Researcher Spotlight
Learn about notable advances in our single-cell science research with the Boston Children’s Hospital (BCH) community and beyond. We are committed to advancing single-cell science by making it accessible and empowering other scientists to dig deeper into their data, one cell at a time.
- cdnadmin
Collecting Metadata In Large-Scale Projects
A case study of the HCA integrated gut cell atlas
Introduction
Human experiments can have complex designs and a great deal of clinical covariates that affect analysis. Collecting these covariates can be a difficult process because they span multiple experimental levels, from experimental and analytical methods to donor and sampling information. This is especially true in single-cell experiments, where thousands of cells are collected per sample, and sometimes multiple samples are collected per individual.
Here, we use the term metadata to refer to any variable related to the dataset, participant, sample, cell or gene except the core cell x gene expression matrix. It is critical to organize these metadata as complexity increases, and if we want to bring in published data for comparison, we need to create or follow a standard metadata format to be able to make comparisons. When analyzing published data, required metadata fields are sometimes unavailable, so it is necessary to reach out to the authors of published data. When reaching out, providing an online standardized metadata sheet improves accuracy, skips redundant data wrangling steps, and enhances collaboration.
Here I will explain methods I have used to make metadata collection and organization feasible in an atlas-level using Google Sheets. We use this collection process in the HCA integrated gut cell atlas project.
Design of Metadata
The HCA provides a required metadata schema that also includes metadata fields required by CELLxGENE. The HCA metadata guidelines are highly detailed (https://data.humancellatlas.org/metadata). The HCA follows similar guidelines to CELLxGENE, which is more simply detailed here (https://cellxgene.cziscience.com/docs/032__Contribute%20and%20Publish%20Data) in terms of single-cell data analysis. We adhere to both schema to make dataset upload to the portals easier. The following portals increase public data accessibility and offer unique methods.
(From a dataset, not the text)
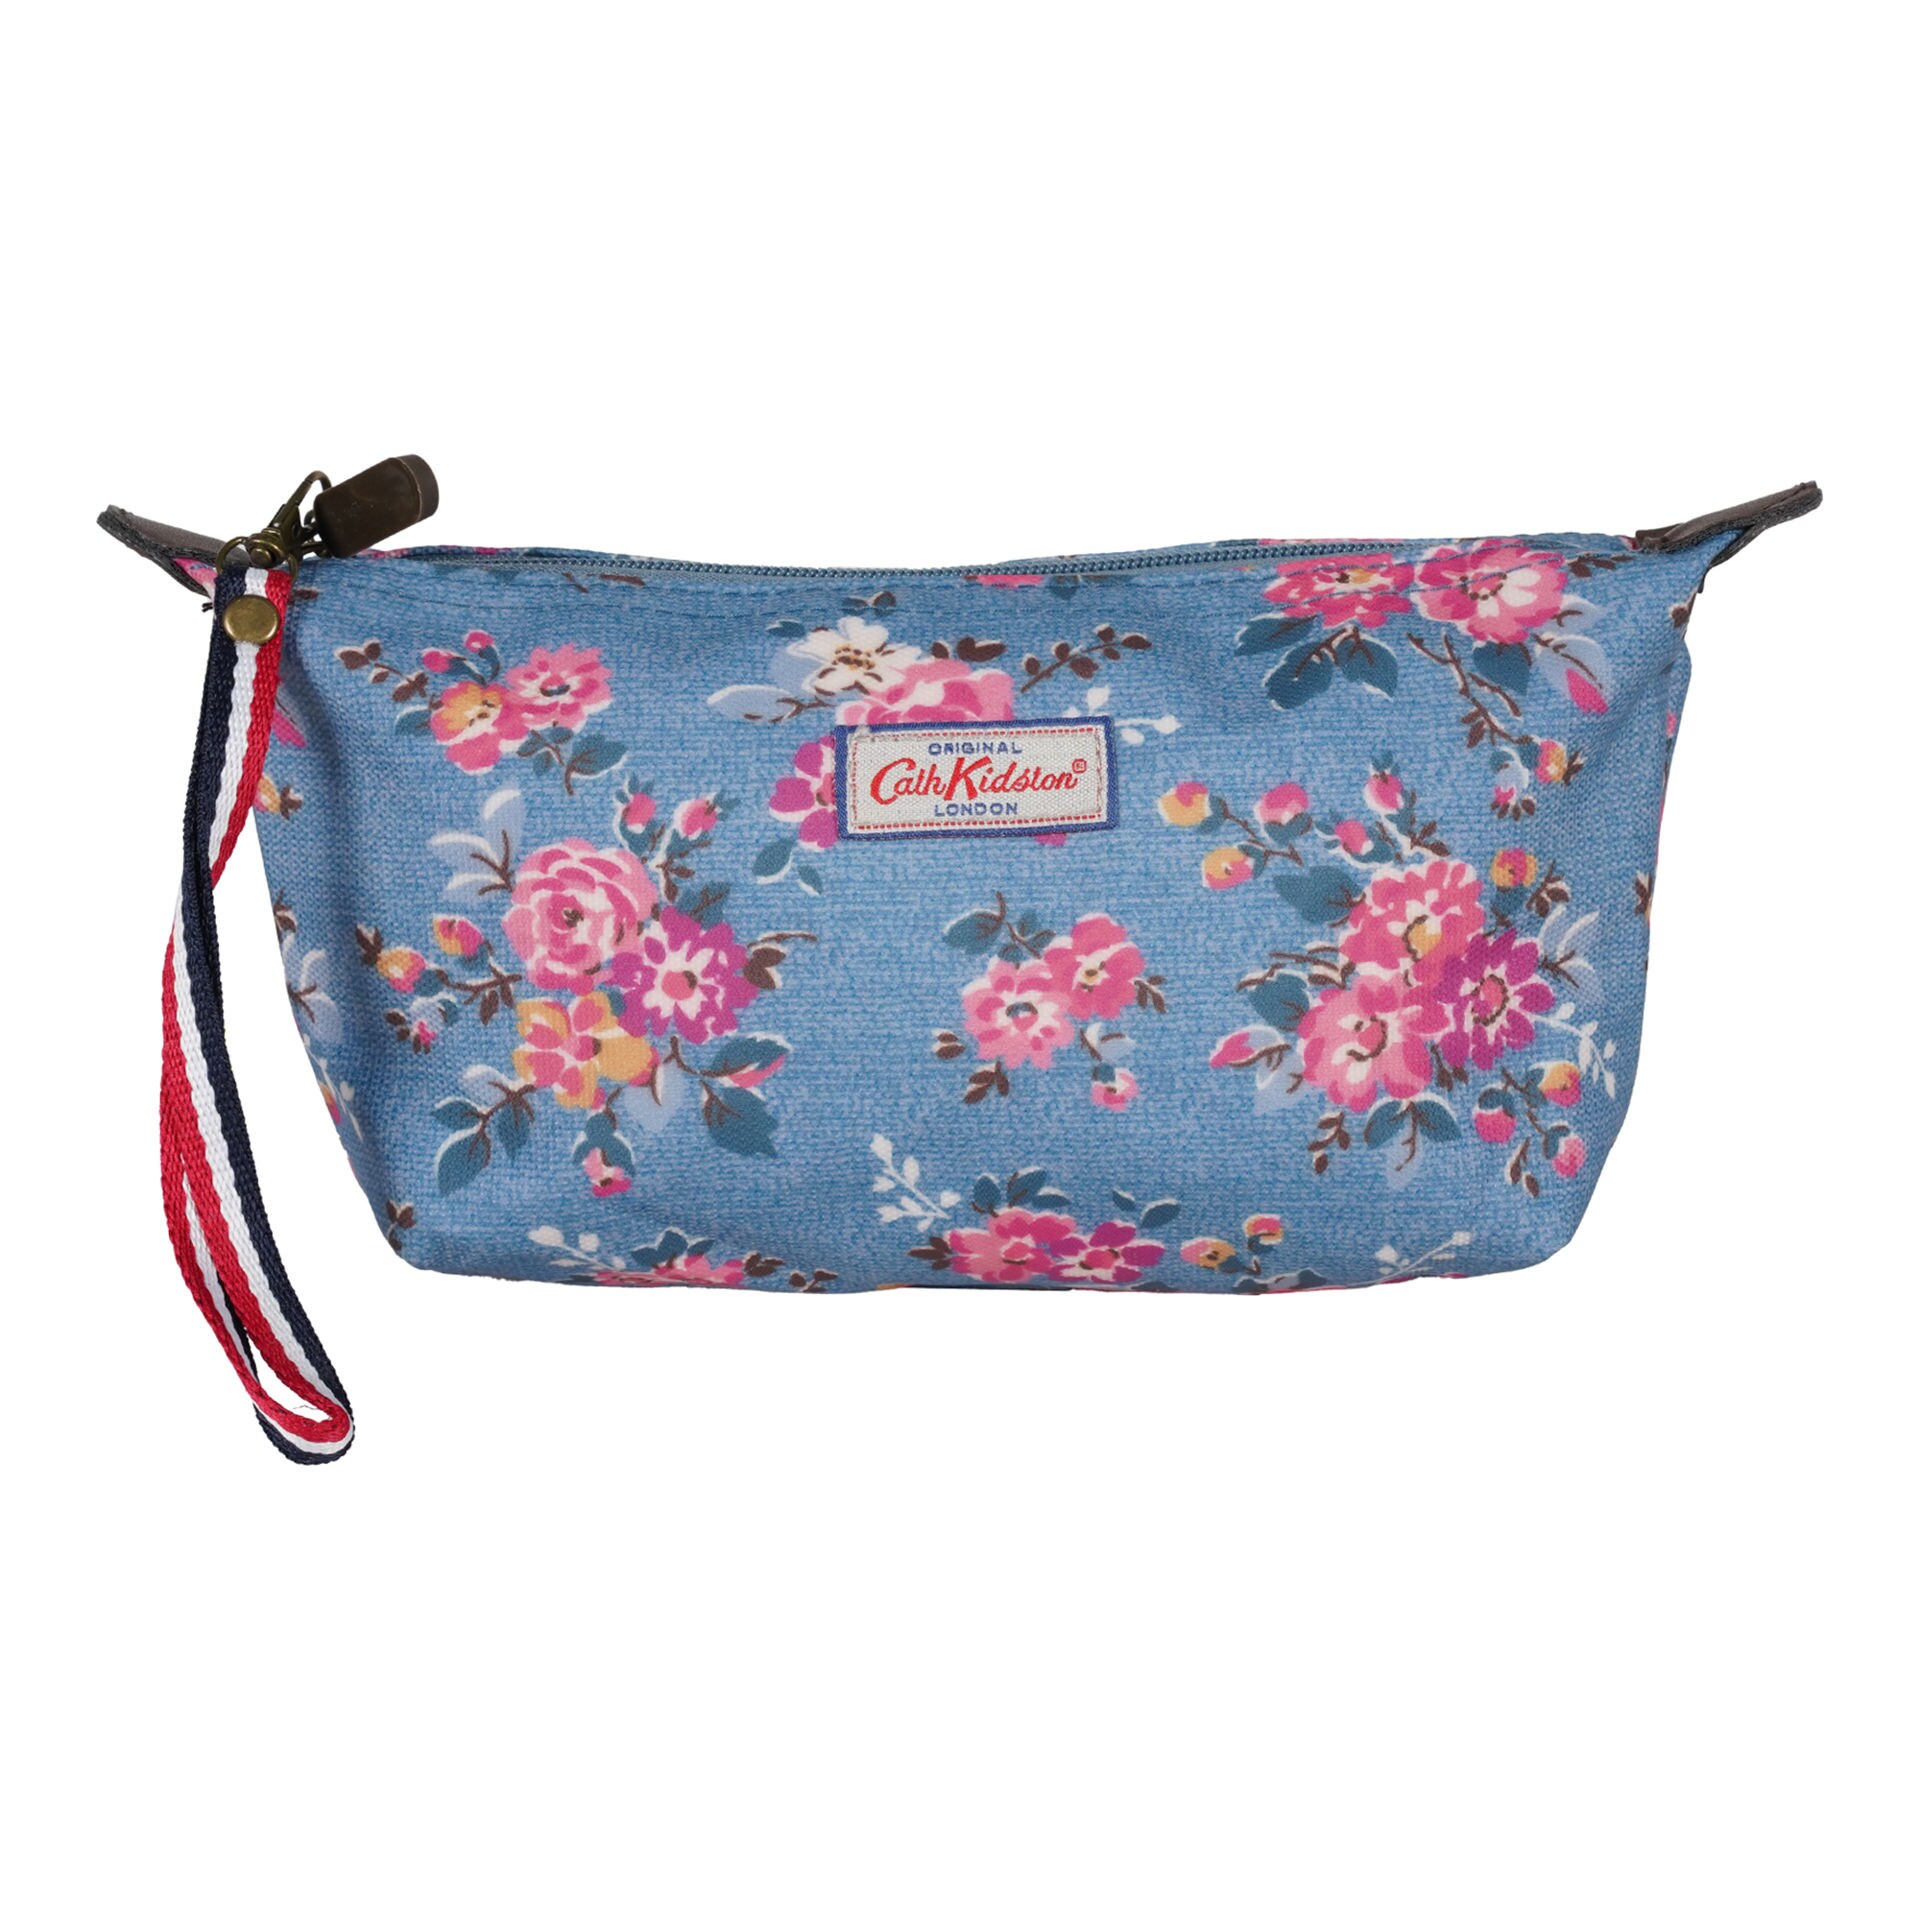 Cath Kidston Floral Bags & Handbags for Women for sale | eBay

- CZI: CELLxGENE.cziscience.com: A highly optimized/efficient app for working with single-cell data
- HCA: data.humancellatlas.org: A platform for storing data for use in meta-atlases
- CAP: celltype.info: An analysis app similar to CELLxGENE with a focus on crowd-sourcing celltype annotations
We create separate google sheets for defining and collecting tier 1 (common and public) and tier 2 (patient-protected and tissue-specific) metadata. The google sheets for Tier 2 metadata can then be downloaded while preserving formatting so they can be filled offline in a secure location. Tier 1 metadata is collected on the Google Sheets to make collection more collaborative.
First, a metadata definitions file is created with detailed descriptions of each of the metadata fields, as well as dropdown menu options for fields which can be restricted to categories. Here is an example sheet.
https://docs.google.com/spreadsheets/d/1Jz02P7ZnqaigofvXVOxrYJh9bhvHa7nY-4EdJrt4BRA/edit?gid=0#gid=0
We use a custom python library (available on our github: https://github.com/CellDiscoveryNetwork/MetaManager) to then generate empty Google Sheets with the custom formatting. This library contains functions for generating Google Sheets and reading whatever is entered into these sheets into python data frames.
Once the Google Sheets are made, we share these with all of the members of the experiment, because the people who gather the donor-level information might have been different than those who decided experimental or analytical (such as alignment parameters) methods. Once the Google Sheets are created, we can start setting up the tracking method.
With the python library, we can use pattern matching or other validation methods in python to determine whether the metadata was filled out correctly or not. We then visualize the results on a heatmap, where each row corresponds to a dataset or experimental protocol and each column corresponds to a metadata field.
One heatmap is made per metadata level, for example:
In the Gut Cell Atlas project, we publish these heatmaps on a public website generated by Google Cloud https://hca_gut_cell_atlas.storage.googleapis.com/metadata_correctness.html which we then share with all of our contributors. We have set up a server that downloads the metadata from the google sheets automatically and updates these heatmaps every couple minutes, so that we can give feedback on metadata entry in real time.
In conclusion, we have created restricted metadata entry sheets which can be collaboratively filled, and we have a method for checking whether these were filled out correctly. Google Sheets also has built-in version control, so if anything goes awry, there’s a rewind button. Being online and available to all collaborators, Google Sheets helps prevent siloing of bioinformaticians, medical staff, and experimentalists and lengthy email exchanges about correcting metadata, and if doing meta-analysis, it streamlines large-scale collection of metadata from collaborators.